▶ **Work request**
Every line below from the one containing "Heavy sterling silver and rock crystal." through the one containing "Lenght of the pendant: 5 cm/ 2''" is to be printed exactly, with the pictures omitted.

▶ **Data for this exercise**
════════════════════

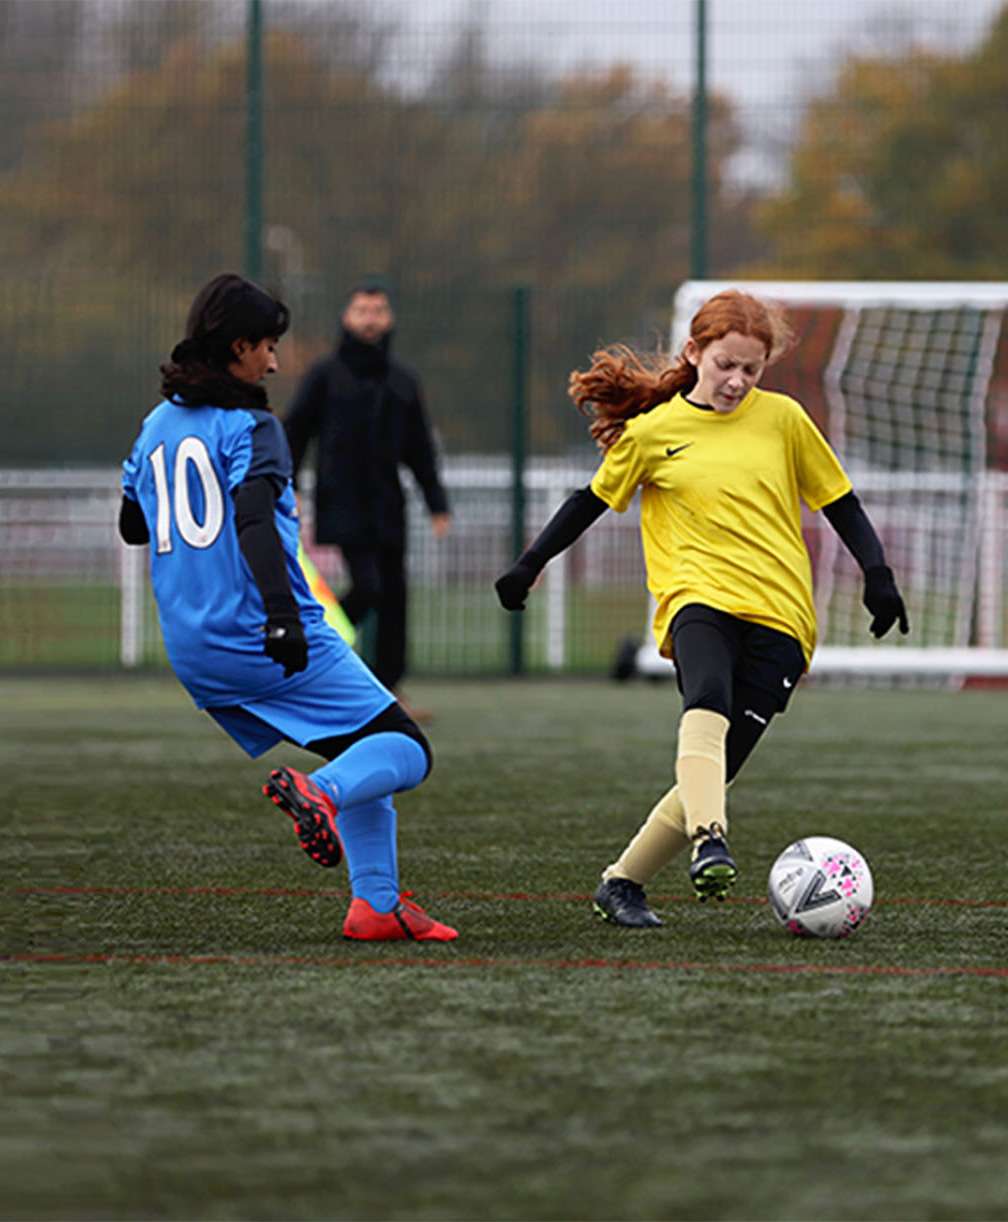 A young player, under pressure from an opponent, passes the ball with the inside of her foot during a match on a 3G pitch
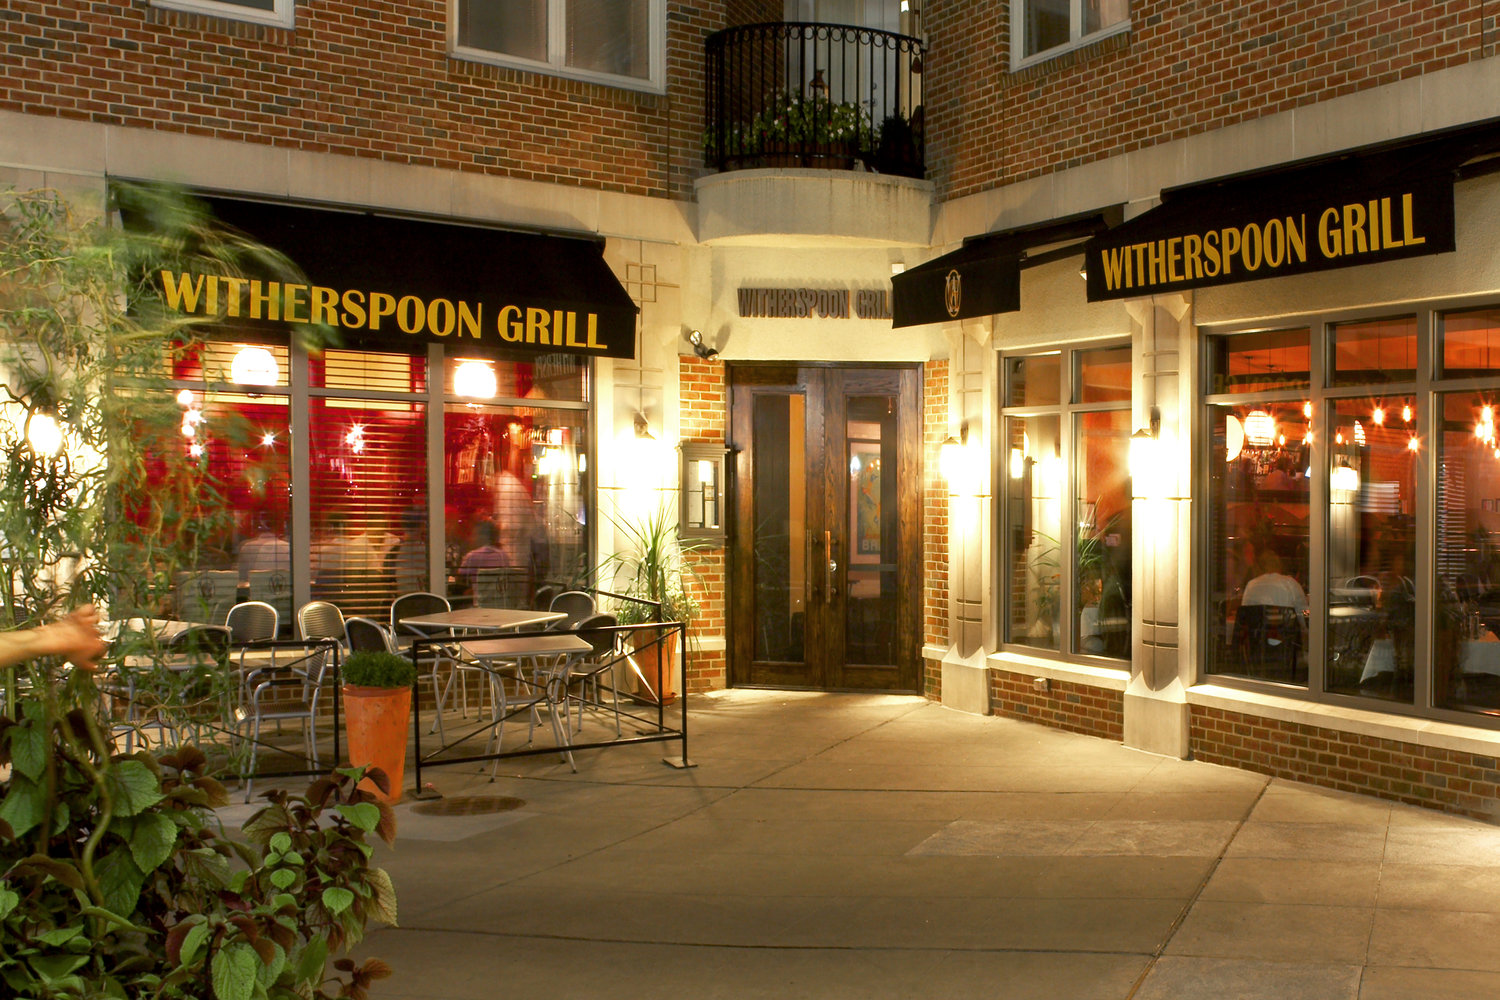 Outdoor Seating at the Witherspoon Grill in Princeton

════════════════════

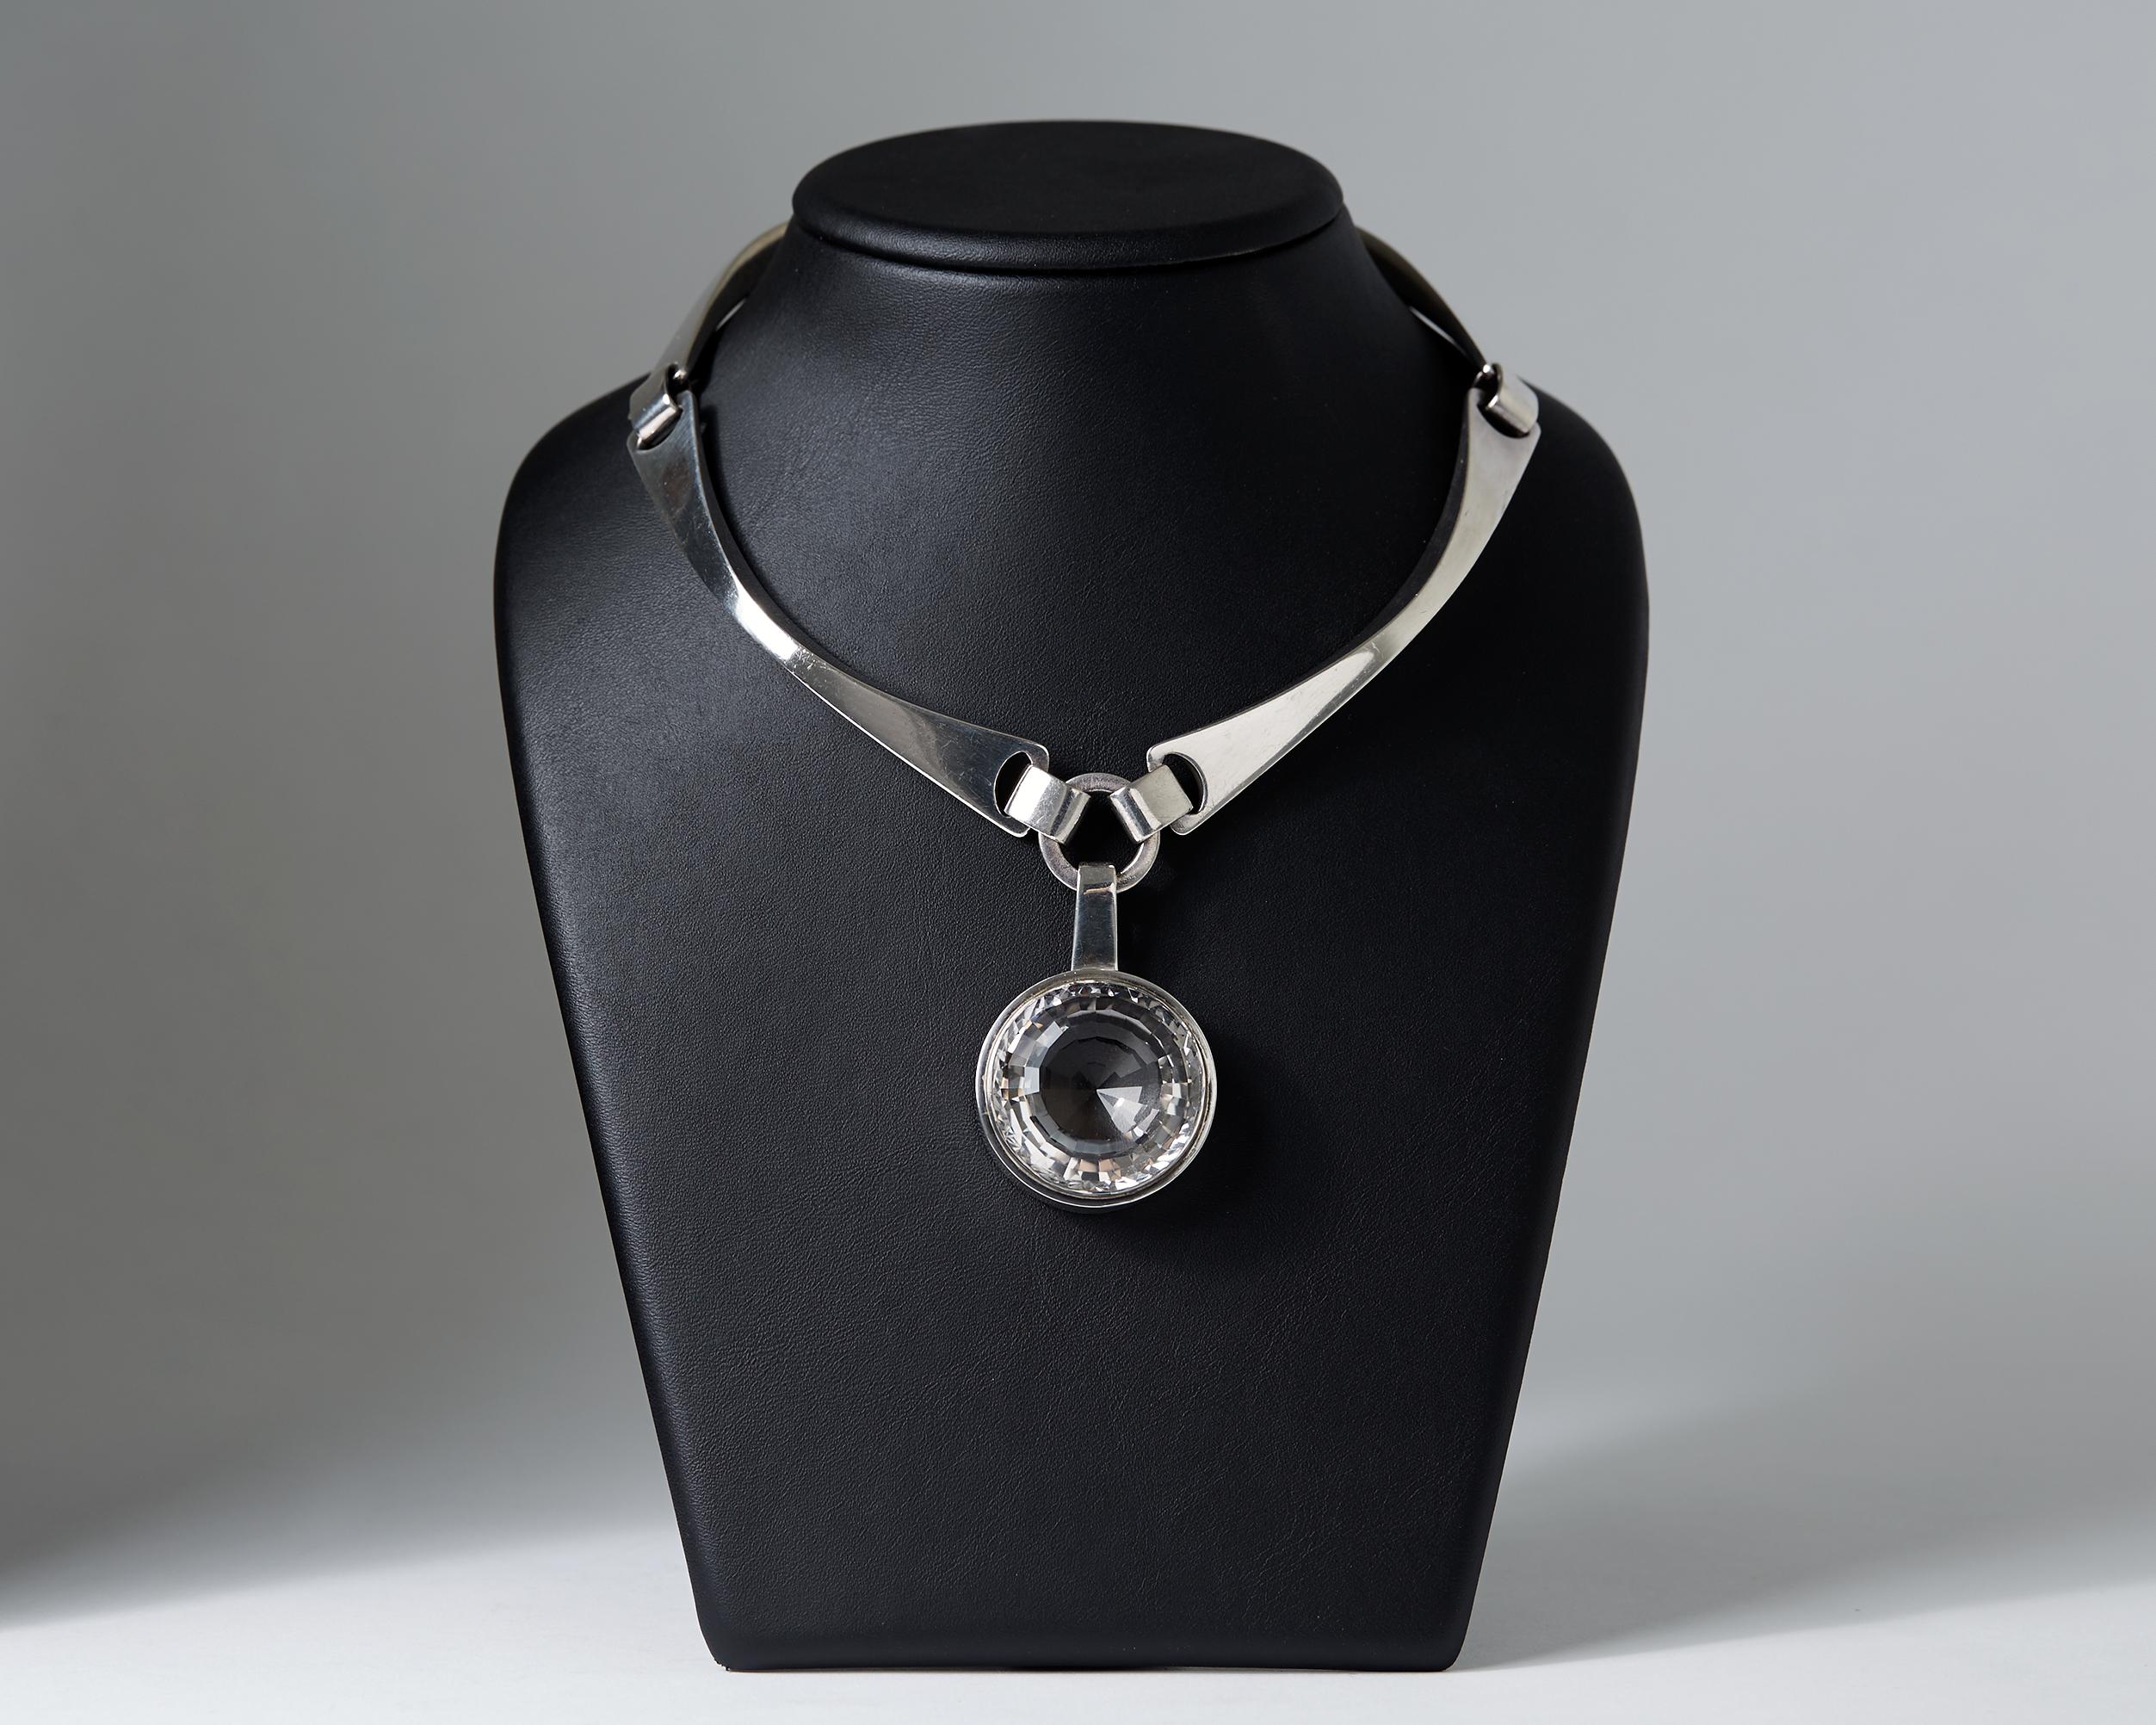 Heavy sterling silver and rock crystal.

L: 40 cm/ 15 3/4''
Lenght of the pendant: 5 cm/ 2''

════════════════════

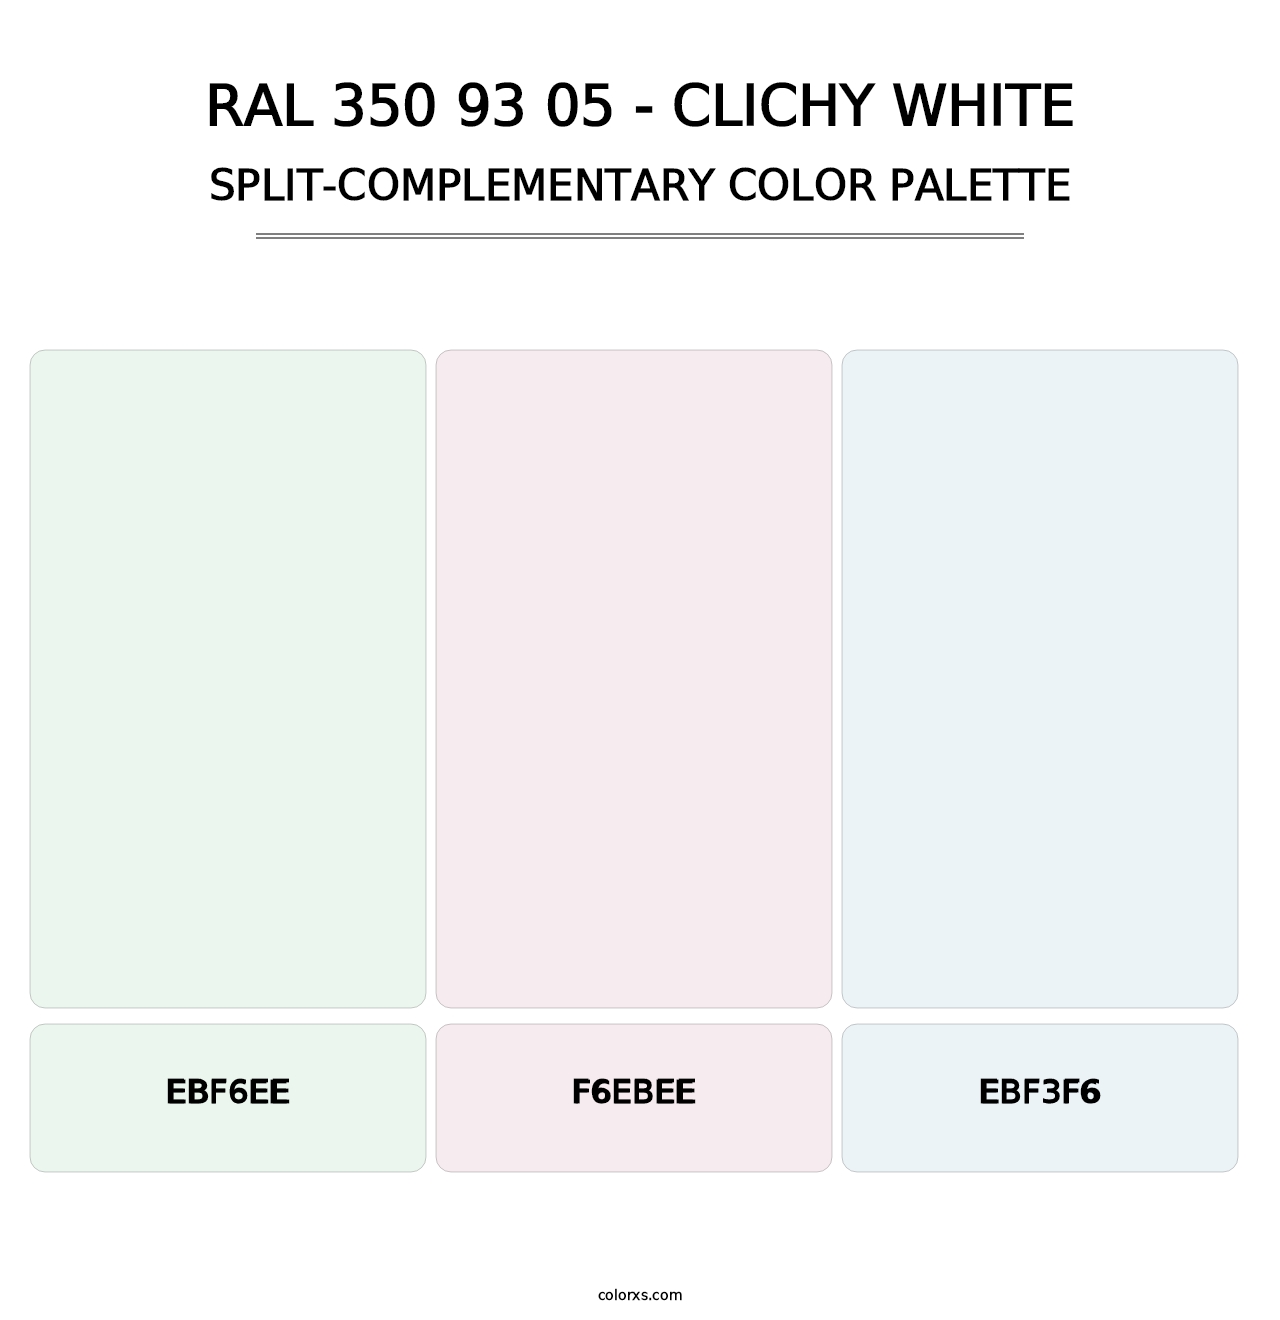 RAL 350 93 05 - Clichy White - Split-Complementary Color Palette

════════════════════

▶ **Solution below**
 Heavy sterling silver and rock crystal.

L: 40 cm/ 15 3/4''
Lenght of the pendant: 5 cm/ 2''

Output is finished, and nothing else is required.